Lakatamia (Λακατάμια /el/; Lakadamya) is a southwestern village of Nicosia, Cyprus. In terms of population, Lakatamia municipality is the third largest municipality in Nicosia district and the fifth largest municipality in Cyprus (after Limassol, Strovolos, Nicosia and Larnaca). In 2011 Lakatamia had a population of 38,345.

Due to the expansion of the Nicosia urban area, Lakatamia has grown from two small villages (Upper and Lower Lakatamia) into a sizeable suburb. Lower Lakatamia used to be inhabited by both Greek and Turkish Cypriots until the mid-1950s. Its name originates from "alakatia", i.e. wells, which were apparently abundant in the old village. Lakatamia Air Force Base, an airstrip used by the Cypriot National Guard, is located to the east of Lakatamia.

Lakatamia is also home to a football club EN THOI Lakatamia who has played in the Cypriot First Division, however for only one season in their history. THOI usually play in the lower leagues and are currently in the Cypriot Third Division. Cypriot international Valentinos Sielis used to play at the club

== Naming ==
There are no convincing historical evidence with regard to the origin of the name “Lakatamia”. There are only a few speculations as from where Lakatamia's name derives from.
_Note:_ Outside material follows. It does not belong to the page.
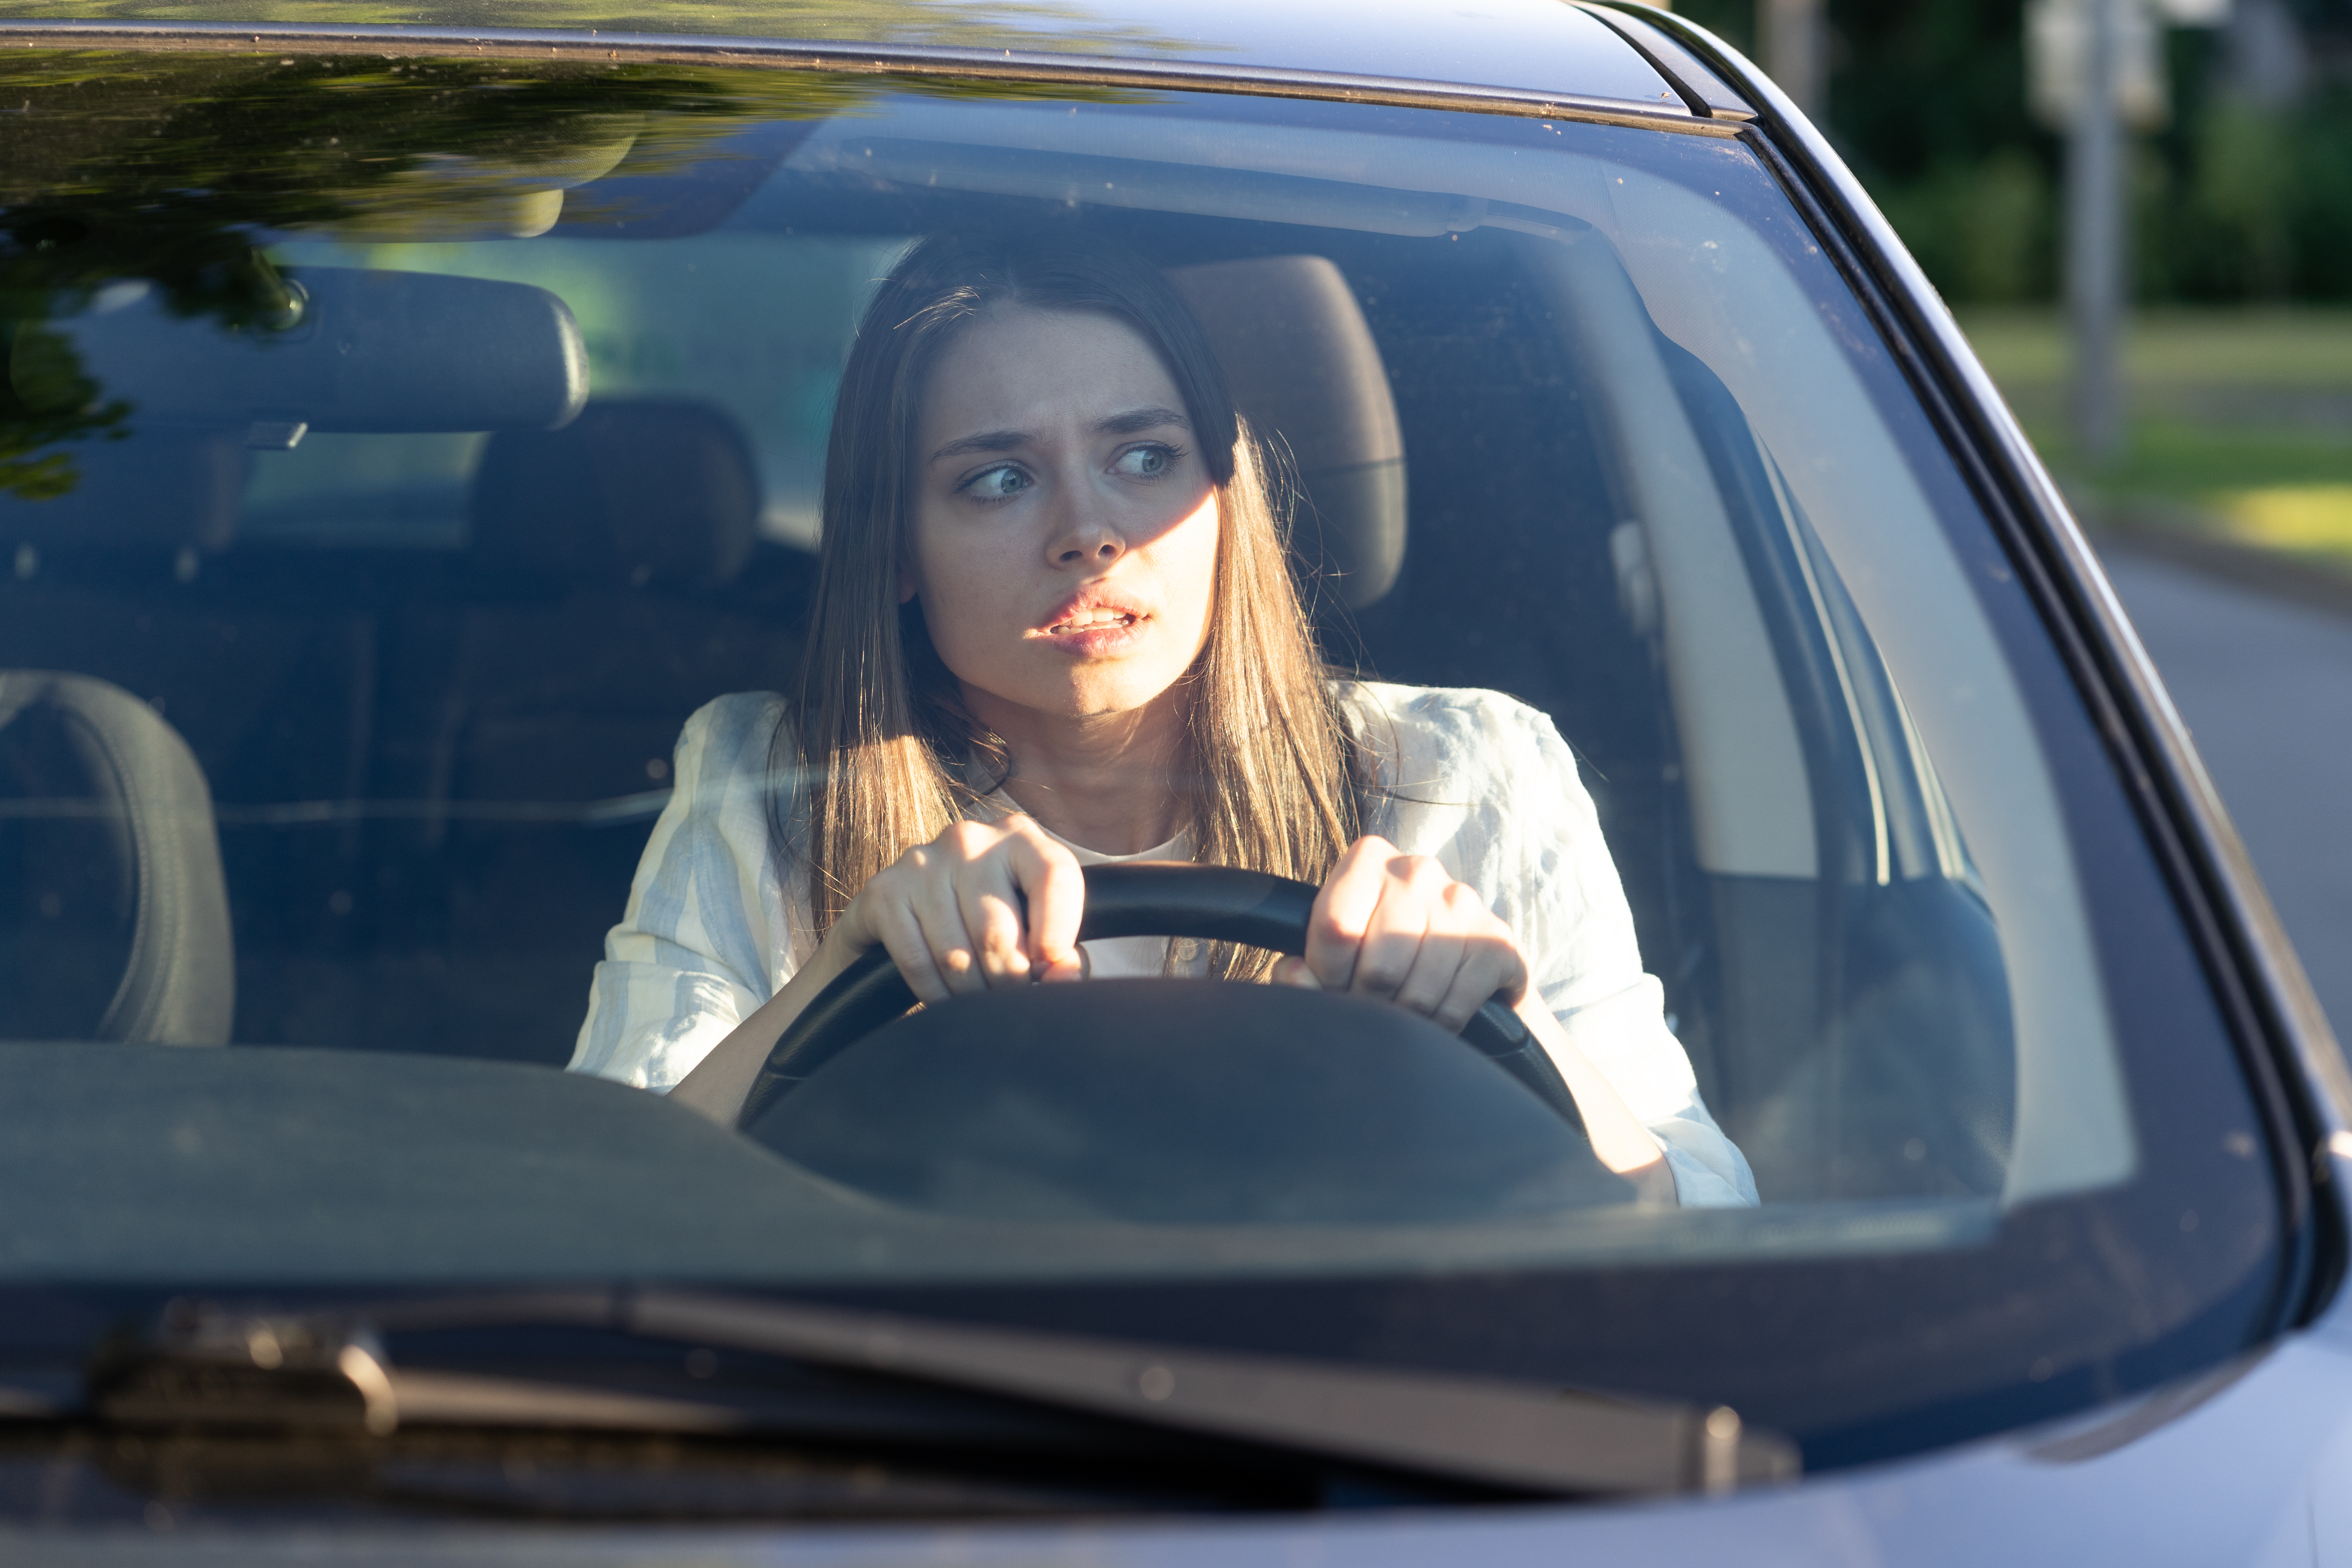 Woman drives her car | Source: Shutterstock

The most probable origin of the name, is connected with the many “alakatia” (water wheels) that existed in Lakatamia and were used to draw the abundant underground water from the springs. It is believed that there were more than 80 wells (“alakatia”) in Lakatamia, and that's why the area is called Lakatamia (“alakatia”-“Alakatamia”-“Lakatamia” The “alakati” is today the emblem of Lakatamia's Municipality.

Another speculation, as from where Lakatamia took its name, is that the name was originally “Lakedemon” as the name of ancient Sparta and it was paraphrased through the years and ended up as Lakatamia.

==Sister cities==
Lakatamia is twinned with the following cities:
- Alexandroupolis, Greece (since 1992)
- Kalymnos, Greece (since 1996)
- Marousi, Greece (since 2008)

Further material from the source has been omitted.